WDR 3: Der Wissenschaftler und Forscher scheint schon durch in diesem Oeuvre.

Burchardt: Auf jeden Fall, aber es sind auch Etüden des Sehens. Es ist fast eine postmoderne Perspektive des Sehens, dass wir vor lauter Wald die Bäume nicht mehr sehen und in der Unübersichtlichkeit das Einzelne aus dem Blick verlieren. Dieses Werk fordert uns Zeit ab und befragt unsere Wahrnehmungsgewohnheiten.

WDR 3: Haben Sie Unterlagen gefunden, wie er sich in die Techniken, in die Materie eingearbeitet hat, zum Beispiel japanische Origami-Techniken?

Burchardt: Das ist ganz spannend, aber auch im Moment noch gar nicht aufgearbeitet. In der Bibliothek findet sich japanische Literatur, wir gehen inzwischen davon aus, dass er sich das autodidaktisch versucht hat beizubringen und auch zu rezipieren. Wobei man dem nicht gerecht wird, wenn man sagt, das ist eine Ableitung, sondern es sind Inspirationen.

WDR 3: Gehört denn eine gewisse Besessenheit dazu, so ein Werk zu schaffen?

Burchardt: Auf jeden Fall. Man muss sich vorstellen, das sind jetzt fast 40 Jahre der Einsamkeit, der Erwerbslosigkeit, es gibt kein Einkommen, sondern nur dieses Lebensthema. Ich denke, er hatte auch die Hoffnung, damit auch in irgendeiner Weise zu reüssieren, aber das war nicht der Hauptantrieb. Es ging tatsächlich darum, diese Formsprache bis ins Letzte auszureizen, um so etwas wie eine Wahrheit des gefalteten Papiers zu finden.

Erwin Hapke, Papierfaltkunst (Ausstellungsansicht)

WDR 3: Inwiefern ist der riesige Aufwand im Hintergrund mit zu berücksichtigen?

Burchardt: Ich denke, dass das für eine wissenschaftliche Aufarbeitung essenziell sein wird. Wir erwägen im Moment verschiedene Perspektiven, wie man mit so einem Werk überhaupt umgeht. Die Frage ist: Ist eine Ausstellung überhaupt das Richtige, soll es einen Dokumentationsband geben?

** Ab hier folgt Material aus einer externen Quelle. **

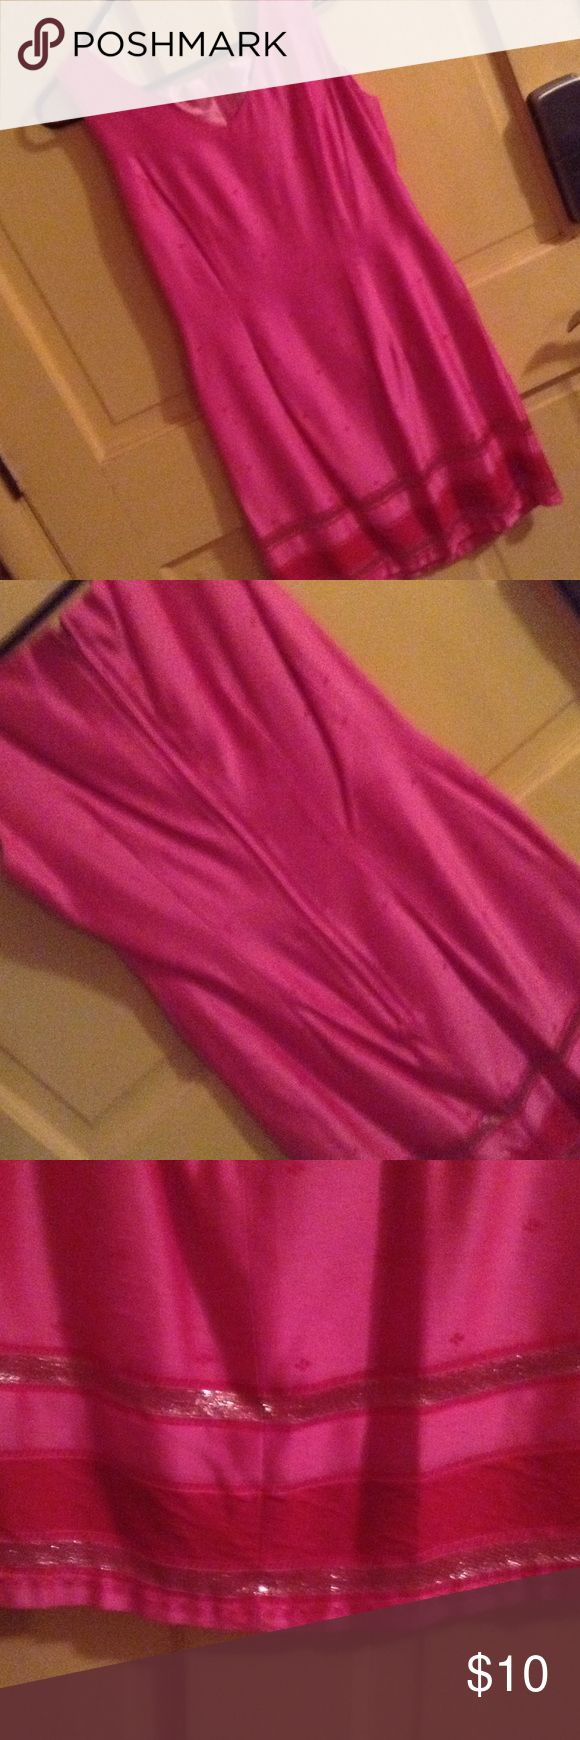 Ladies dress. Be Smart brand Mini dress pink with gold braid and red lace on hem. Zip back, v neck Dresses Mini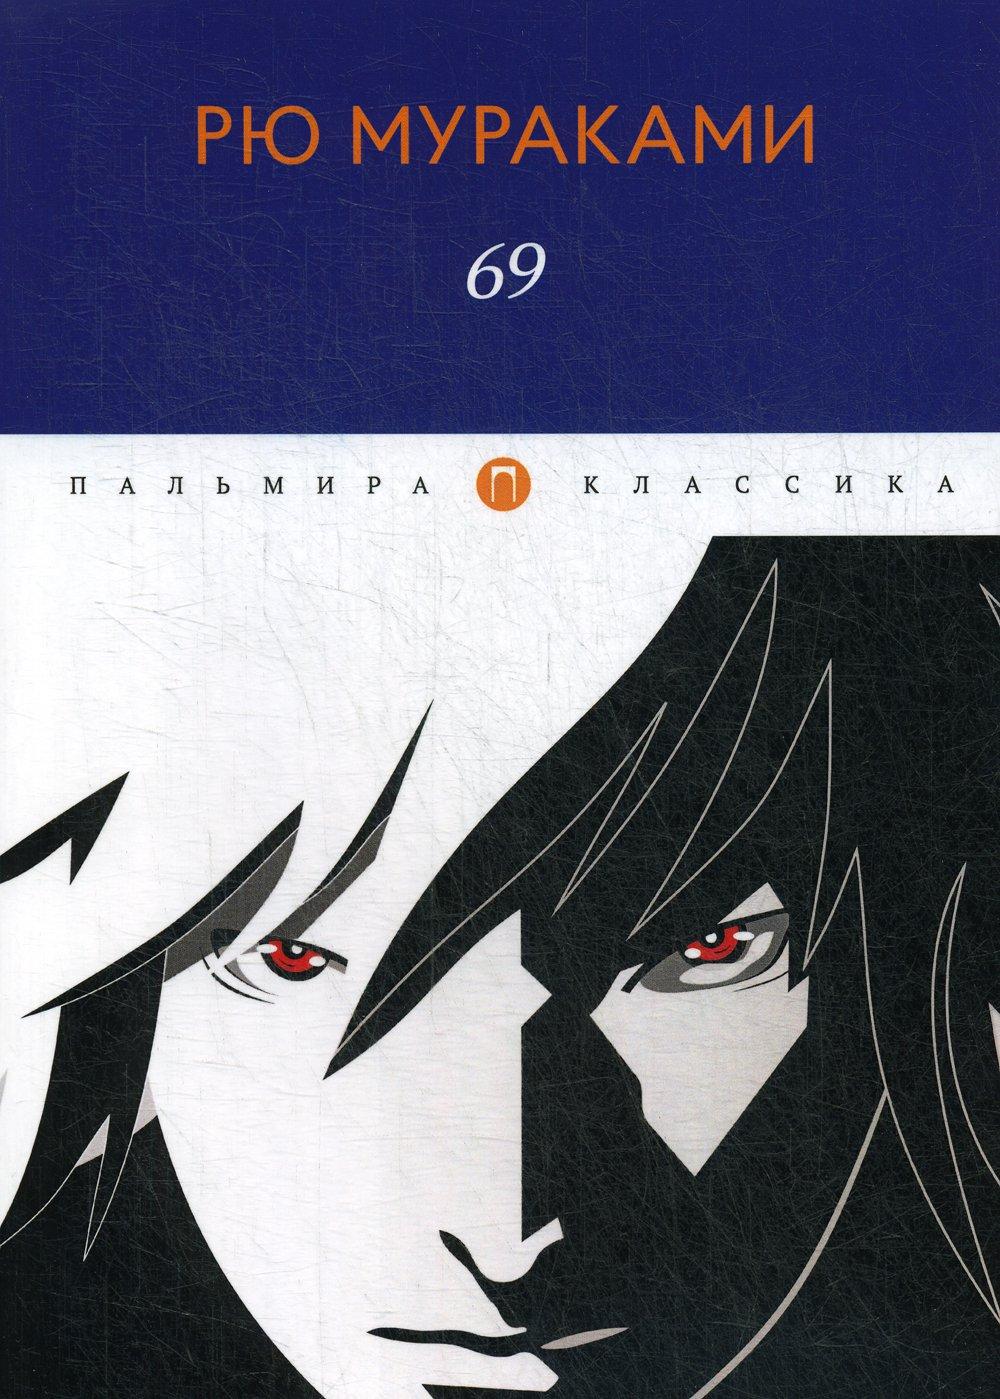 Мураками Рю 69: роман

Uns schwebt auch ein wissenschaftliches Symposium vor, das interdisziplinär angelegt ist, was genau diese Hintergründe auch rekonstruieren soll, um damit auch Inspirationen für weitere Arbeiten zu gewinnen.

WDR 3: Das Ganze ist ja auch ein Gesamtkunstwerk.

Burchardt: Das ist faszinierend und erschreckend zugleich, so dass wir uns auch über Unterstützung freuen würden, um eine angemessene Würdigung dieses Werkes überhaupt zustande zu bringen.

WDR 3: Gibt es denn schon Ideen, was Sie mit dem Schatz machen?

Burchardt: Ideen gibt es viele und es ist unglaublich schön zu träumen. Eine Idee war, das Haus eins zu eins auf der Documenta wieder aufzubauen. Ich glaube, da brauchen wir einen großen Sponsor für. Ein Traum von mir wäre, daraus einen akademischen Ort zu schaffen, der Kunst und Wissenschaft ins Gespräch bringt, mit Seminarräumen für Wissenschaftler, Studenten, aber auch für Künstler. Mindestens schön wäre ein Dokumentationsband, ein Buch, das die wissenschaftliche und die künstlerische Seite in irgendeiner Weise festhält.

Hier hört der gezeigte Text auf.